Анатолий Полянский
Смертный приговор
1
— Именем Республики Молдова приговорить...
Михаилу почудилось, что ослышался. До последнего мгновения он не верил, что это может произойти. Не верил — и все!
И адвокат предупреждал, и соседи по камере. И прокурор требовал самой суровой кары, а он надеялся... Был не виновен — другое дело, но Михаил выполнял долг. Не преступник же он, не душегуб! В тюрьме, правда, ему показали листок Народного фронта, где на первой полосе был напечатан портрет лейтенанта, а под ним подпись: «Убийца в погонах». Но это наглое вранье, подлый обман. Лейтенант Обут получил приказ, действовал строго по уставу. По всем армейским законам офицер не имел права его не исполнить...
Монотонный голос судьи, зачитывающего приговор, звучал в притихшем зале неестественно громко. Каждое слово отдавалось в голове ударом молотка, забивающего гвозди в крышку гроба:
— Именем Республики Молдова приговорить Михаила Константиновича Обута к высшей мере...
К расстрелу? Не может быть!.. Крикнул: «За что?» Из горла вырвался придушенный хрип, потонувший в возгласах, взорвавших зал заседаний.
Михаилу послышался голос матери. Просил же ее, умолял уехать! Нечего маме делать в этом городе. Ей вообще не следовало приезжать, он бы справился как-нибудь сам... Мама — самое дорогое существо на свете. Есть еще Илона, но она — совсем другое. Хорошо, хоть ее нет в зале. Из Бендер до Кишинева не так просто теперь добраться.
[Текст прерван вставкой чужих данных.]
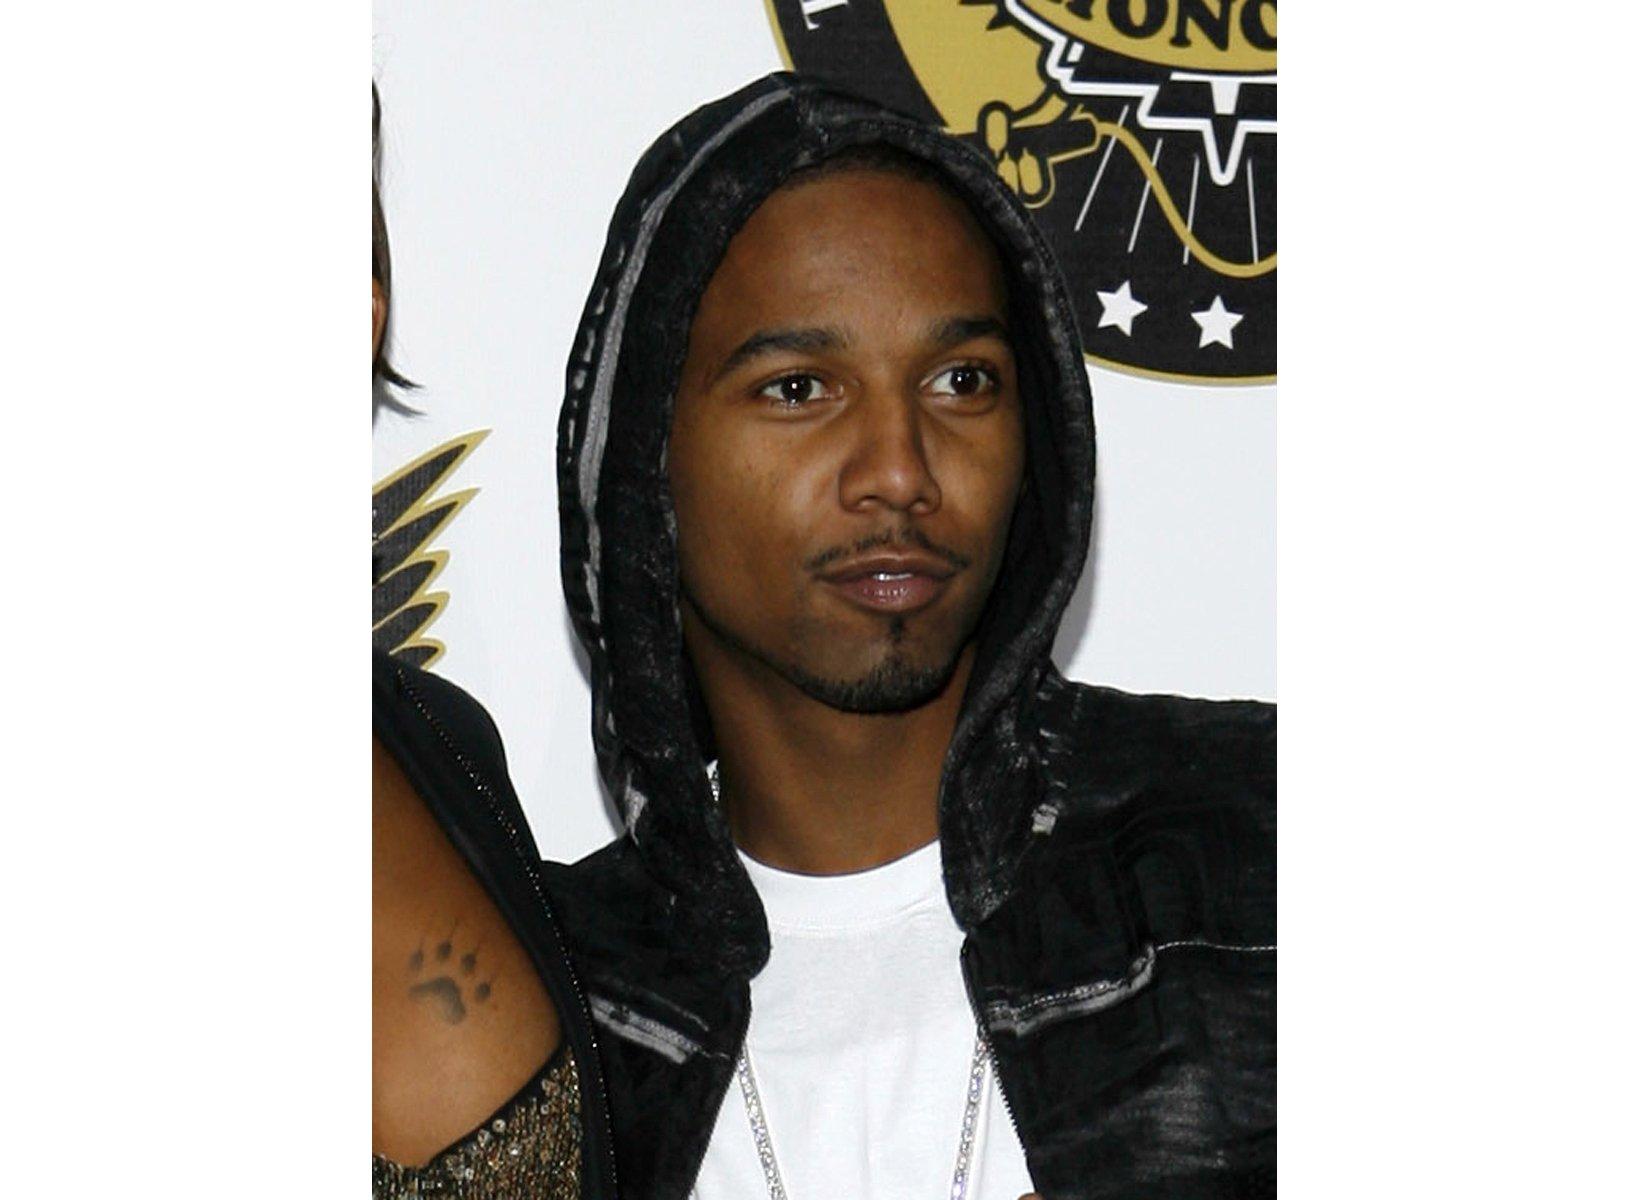 Rapper Juelz Santana sentenced to prison for gun in airport

Когда Михаила под конвоем выводили из зала суда, он на миг увидел мать. Она стояла в проходе между рядами с белым окаменевшим лицом. Народ, тянувшийся к выходу, обтекал ее, не задевая. Так река обтекает одиноко торчащий на фарватере камень, оставляя позади глубокую воронку. Люди, конечно, догадывались, кем приходится осужденный этой строгой седой женщине. Одни смотрели на нее с сочувствием, другие — злобно. На суде присутствовали родственники погибших, представители Народного фронта Молдовы. Уж они-то точно считали лейтенанта Обута преступником.
Мать и сын обменялись полными отчаяния взглядами. В следующий миг конвоир толкнул Михаила в спину, и он, споткнувшись, потерял мать из виду.
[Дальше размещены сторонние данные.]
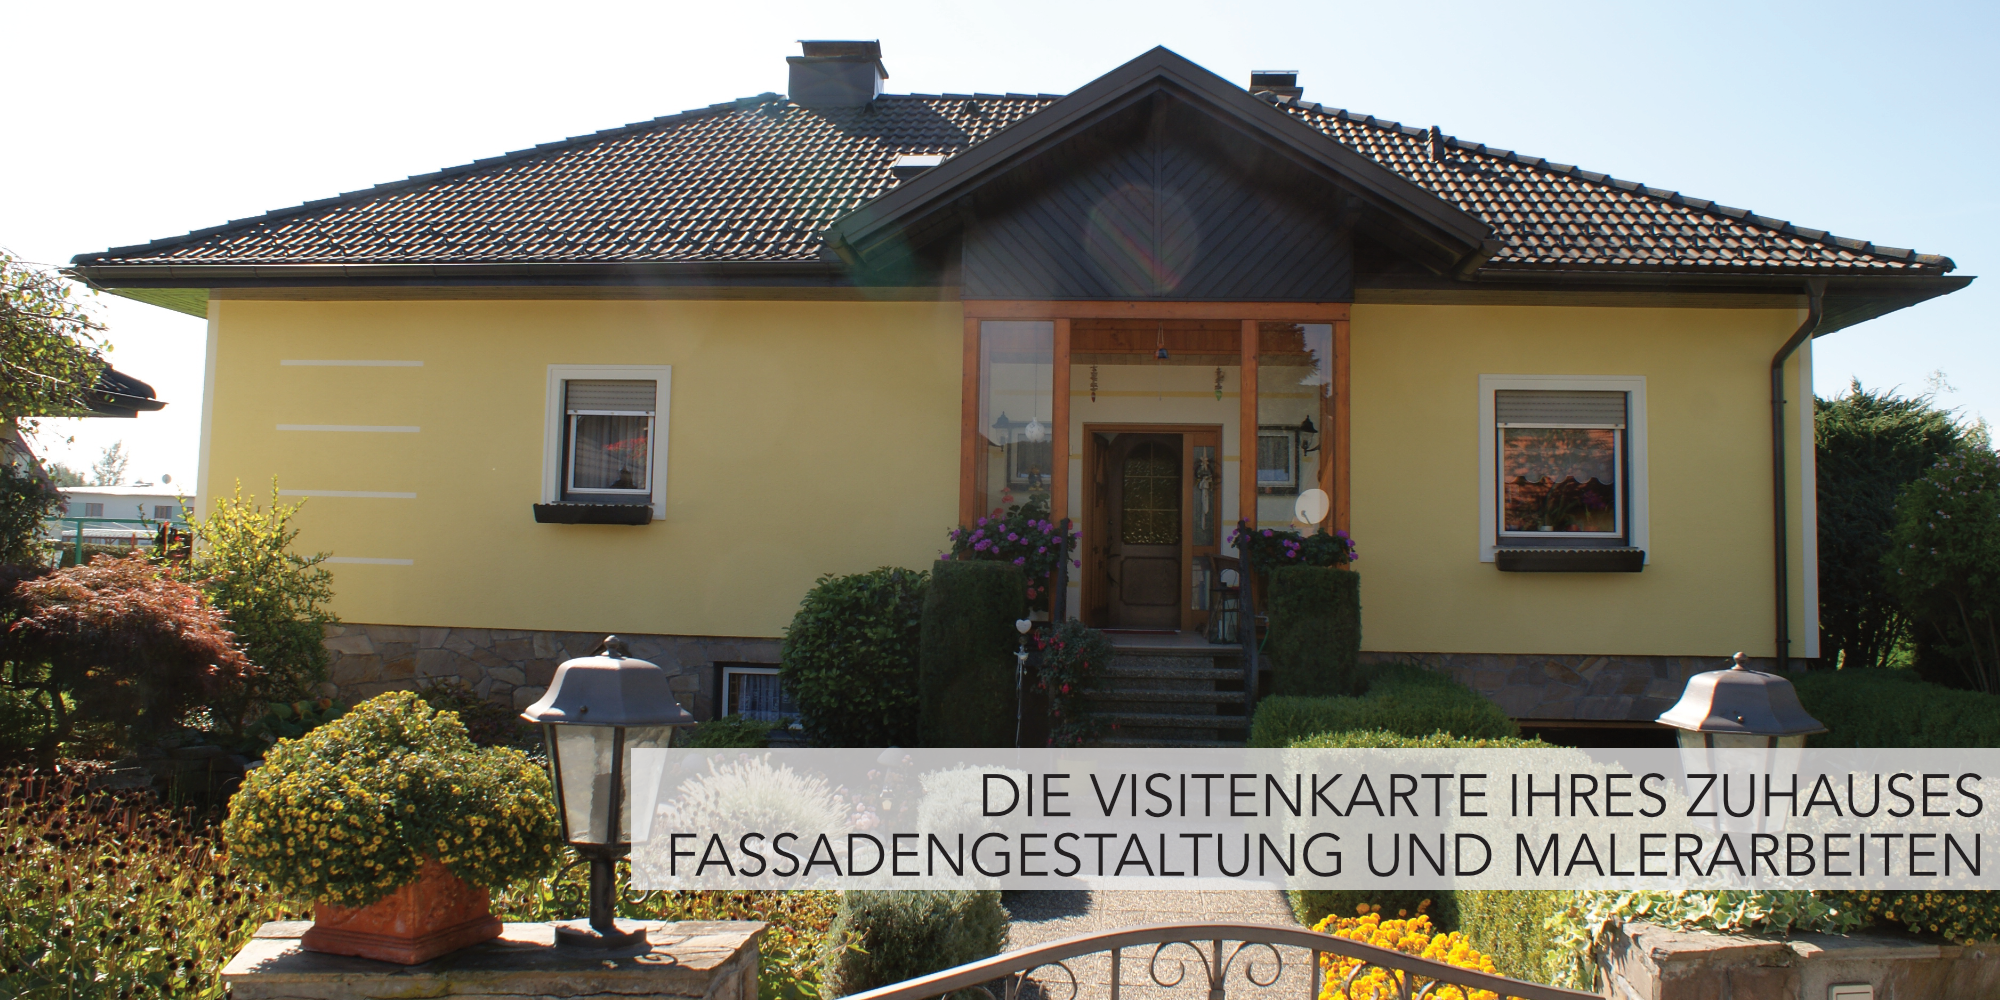 Fassadengestaltung, Wandmalerei, Schablonen Arbeiten -  Malerei Wagner Persenbeug

Конвоиры — оба уже немолодые — следовали за приговоренным вплотную. Они отвечали за него головой и, отягощенные страхом, вели себя агрессивно. Тот, что шел справа, в дополнение к тычкам еще и громко приговаривал: «Большевикул — гад, коммунистул — гад...»
Хамство и враждебность конвоиров вызвали неожиданную реакцию. На смену растерянности и смятению, охвативших Михаила после зачтения приговора, к горлу подступила злость. Кто дал судьям право так несправедливо с ним поступить?.. Лейтенант Обут был начальником караула. Он не нарушал закона. Преступно было бы дать толпе возможность захватить оружие!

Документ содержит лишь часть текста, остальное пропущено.